Practically, Salafis maintain that Muslims ought to rely on the Quran,
the Sunnah and the consensus of the salafs alone, ignoring the rest of Islamic
hermeneutic teachings.[6] The movement developed in Egypt in the late 19th
century as a response to Western European imperialism.[4][7][8][9][10] It had roots in
the 18th-century Wahhabi movement that originated in the Najd region of
modern-day Saudi Arabia.[11]
The Salafist doctrine is based on looking back to the early years of the religion
to understand how the contemporary Muslims should practise their faith. [12] They
reject religious innovation or bid'ah and support the implementation
of sharia (Islamic law).[13] The movement is sometimes divided into three
categories: the largest group being the purists (or quietists), who avoid politics;
the second largest group being the activists, who maintain regular involvement
in politics; and the third group being the jihadists, who form a minority and
advocate armed struggle to restore the early Islamic movement. [13] In legal
matters, the Salafi are divided between those who, in the name of independent
legal judgement (ijtihad), reject strict adherence (taqlid) to the four Sunni
schools of law (madhahib) and others who remain faithful to these, especially
to Hanbali Madhab, the parent school of Salafi doctrine.[14]
By the 21st century, Salafi teachings and ideas have become mainstream that
many modern Muslims, even those who do not self-identify as Salafi, have
adopted various aspects of Salafism.[15]
At times, Salafism has been deemed a hybrid of Wahhabism and other post-
1960s movements.[16] Salafism has become associated
with literalist, strict and puritanical approaches to Islam. Western observers and
analysts often, incorrectly, equate the movement with Salafi jihadism, a hybrid
ideology which espouses violent attacks against those it deems to be enemies
of Islam as a legitimate expression of Islam.[17][18]

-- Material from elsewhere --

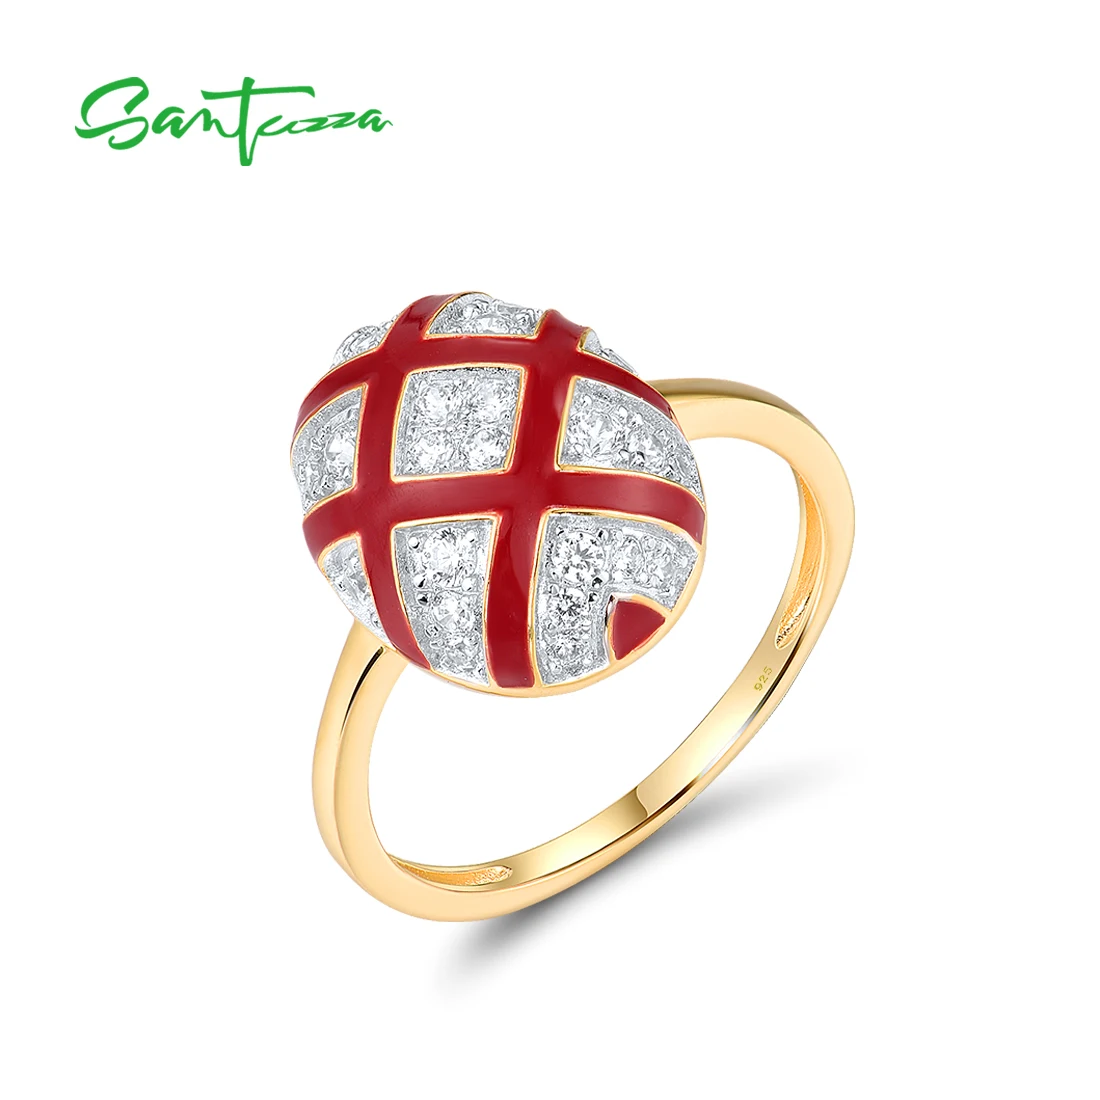 SANTUZZA Pure 925 Sterling Silver Rings For Women Sparkling White CZ Red Oval Cross Enamel Wedding Engagement Fine Jewelry Set

Academics and historians have used the term "Salafism" to denote "a school of
thought which surfaced in the second half of the 19th century as a reaction to
the spread of European ideas" and "sought to expose the roots of modernity
within Muslim civilization".[19][20] However, some contemporary Salafis follow
"literal, traditional ... injunctions of the sacred texts", looking to Ibn Taymiyyah or
his disciple Ibn Kathir[21] rather than the modernistic approach of Salafism of
19th-century figures Muhammad Abduh and Jamal al-Din al-
Afghani and Rashid Rida.[22][23][24] Major figures in the movement
include Muhammad Rasheed Rida, Muhammad ibn al Uthaymeen, Rabee al-
Madkhali, Abdul Azeez Ibn Baaz, Muqbil bin Hadi al-Wadi'i, Muhammad
Nasiruddin al-Albani and Saleh Al-Fawzan.